Model is learning to predict just one class

Hey all,

I created a model that processes two inputs in the same network sharing weights. This network, i implemented stacked dilated convolutions sharing weights inside each layer, as defined at https://arxiv.org/abs/1904.03076.

I tried to overfit the model during 100 epochs using the same batch, but my network keeps predicting just one class (1, 2 or 3).

My model class is

class SDCNetwork(nn.Module):
    def __init__(self, num_layers, input_size, n_conv, kernel_sizes, n_kernels, dilations):
        super(SDCNetwork, self).__init__()
        self.input_size = input_size
        self.n_conv = n_conv
        self.kernel_sizes = kernel_sizes
        self.n_kernels = n_kernels
        self.dilations = dilations
        self.num_classes = 3
        
        layers = nn.ModuleList([])
        # Iterate through the number of layers
        for i in range(num_layers):
            layers.append(
                SDCLayer(input_size=self.input_size[i],
                            n_conv=self.n_conv,
                            kernel_sizes=self.kernel_sizes,
                            n_kernels=self.n_kernels[i],
                            dilations=self.dilations
                ) 
            )

        
        self.features = nn.Sequential(*layers)
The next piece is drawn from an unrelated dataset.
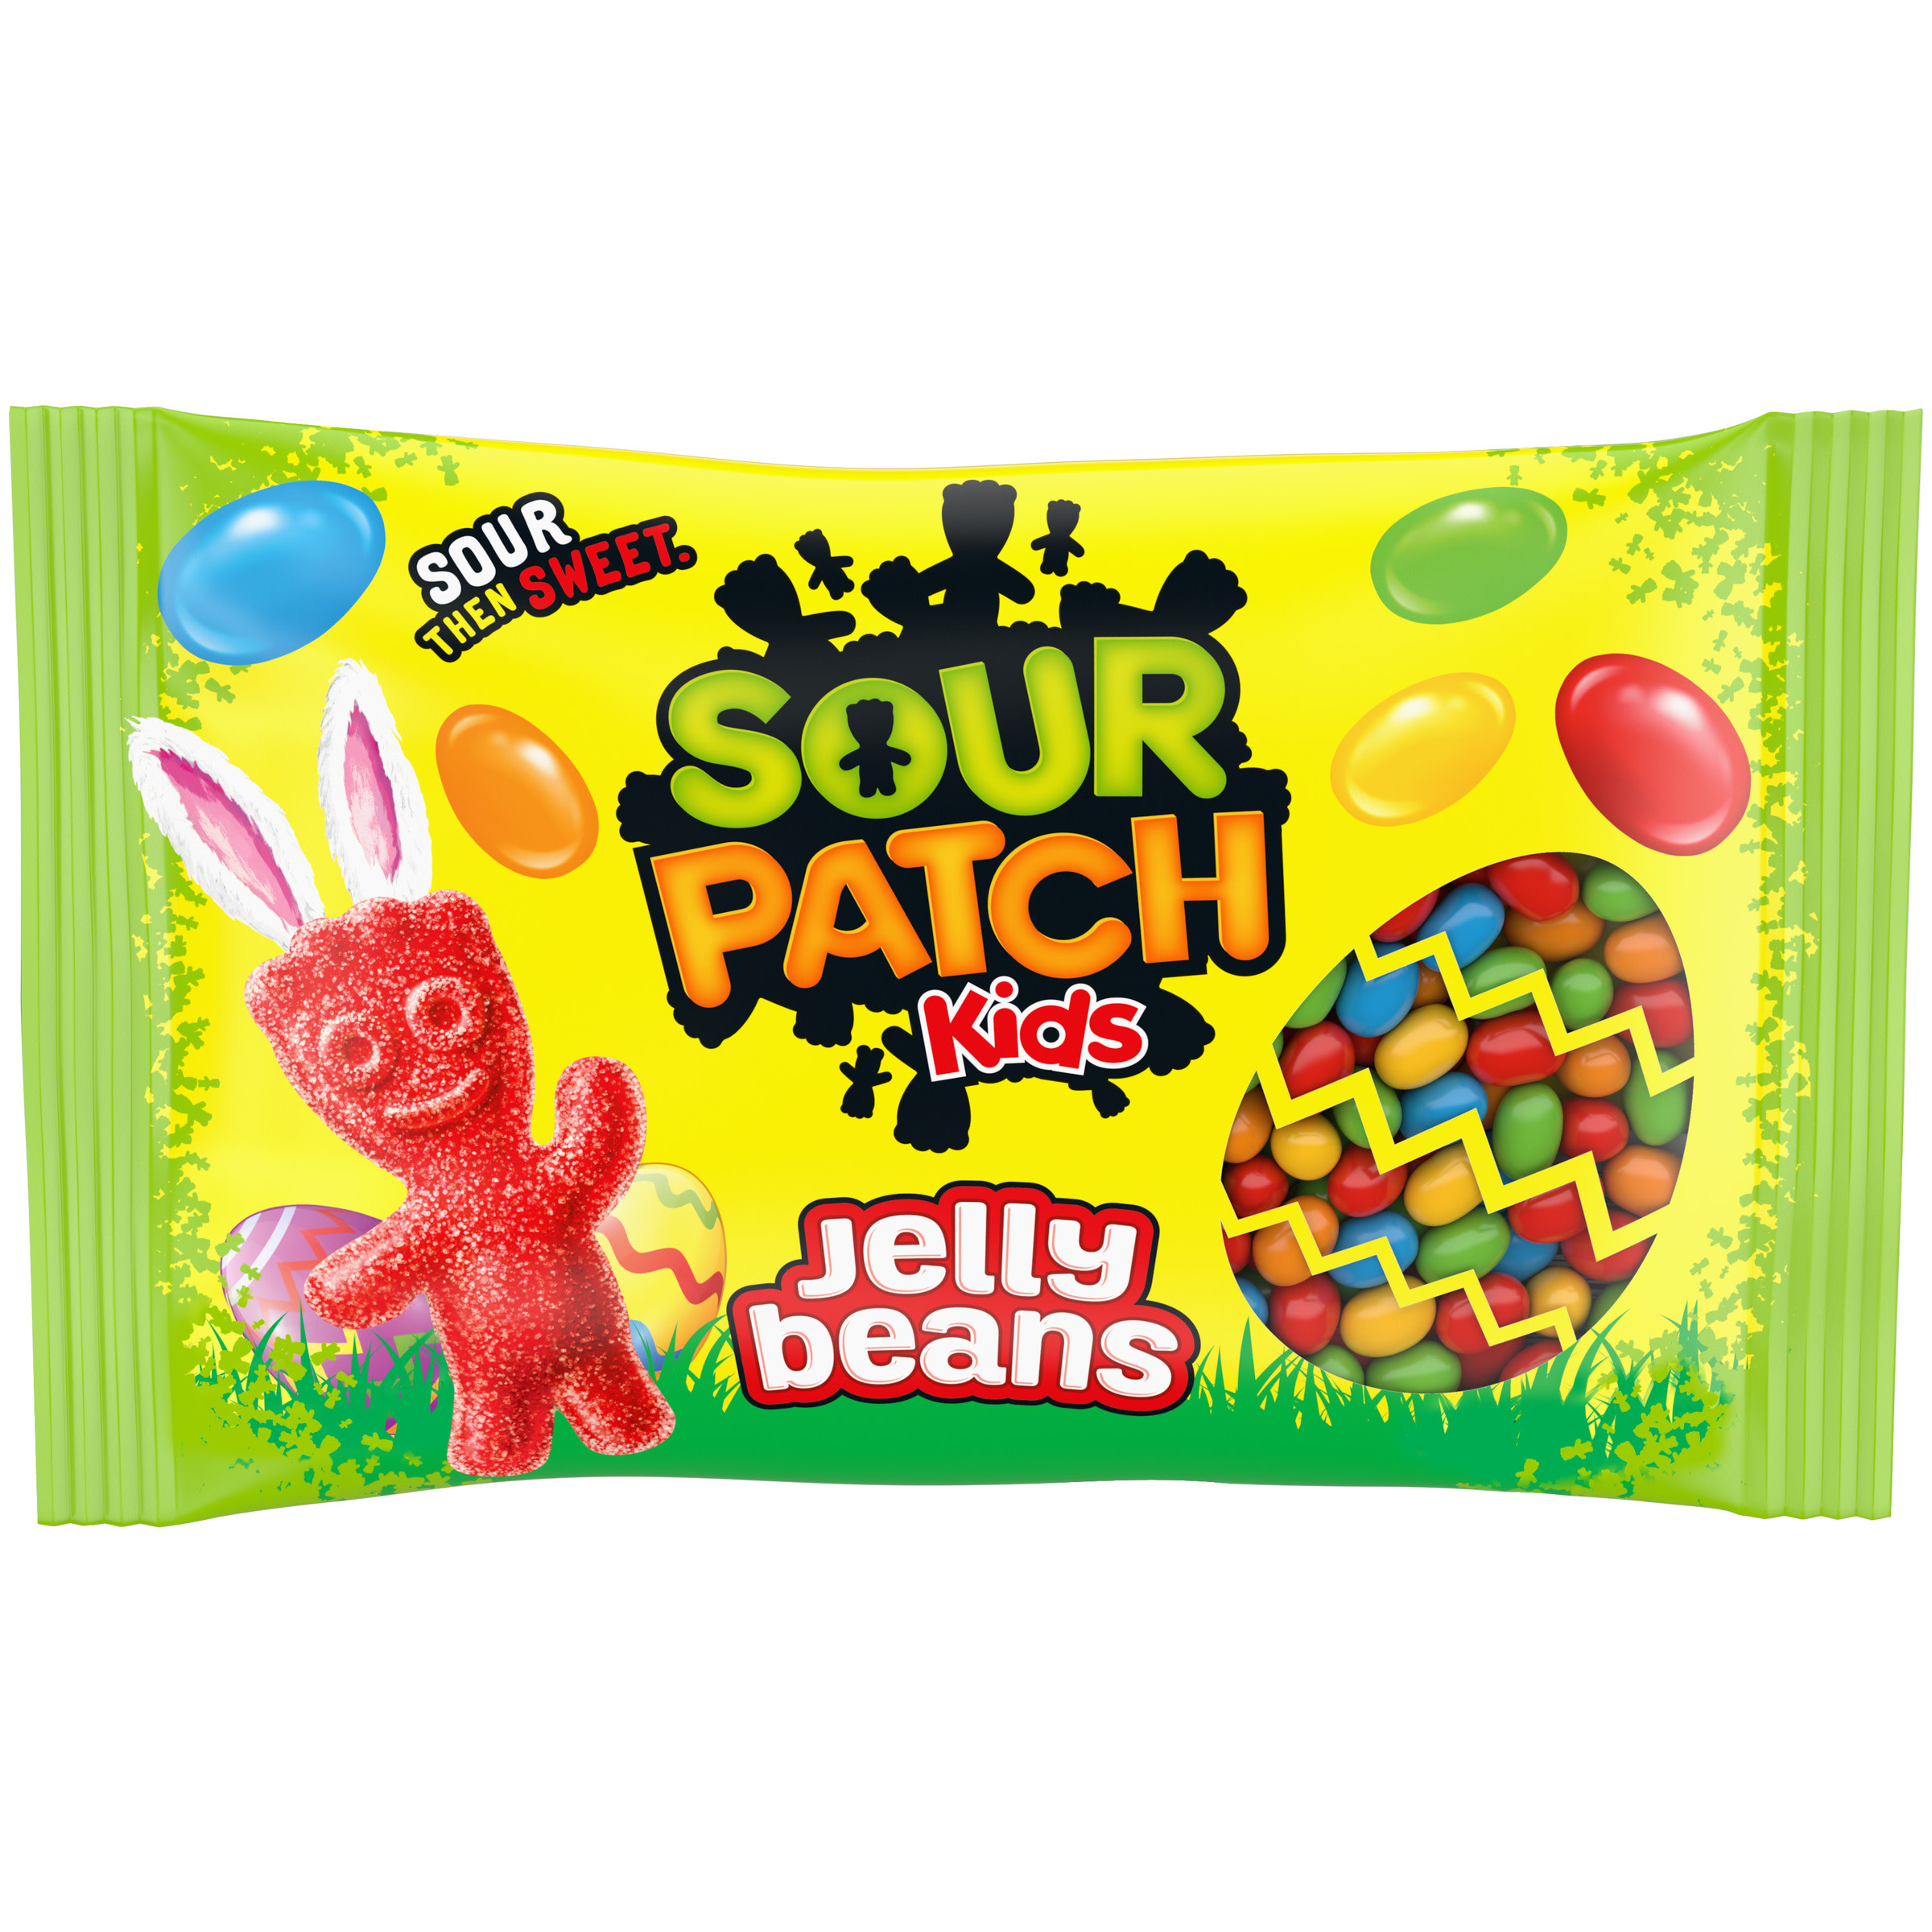 SOUR PATCH KIDS Jelly Beans, Easter Candy, 13 oz - image 1 of 12

        # Class activation map llayer similarly to ACOL paper output
        self.cam = nn.Sequential(
            nn.Conv2d(128, 256, kernel_size=3, padding='same'),
            nn.SiLU(),
            nn.Conv2d(256, self.num_classes, kernel_size=1, padding='same'),
            nn.SiLU()
        )

        # Global average pooling
        self.gap = nn.AdaptiveAvgPool2d(output_size=1)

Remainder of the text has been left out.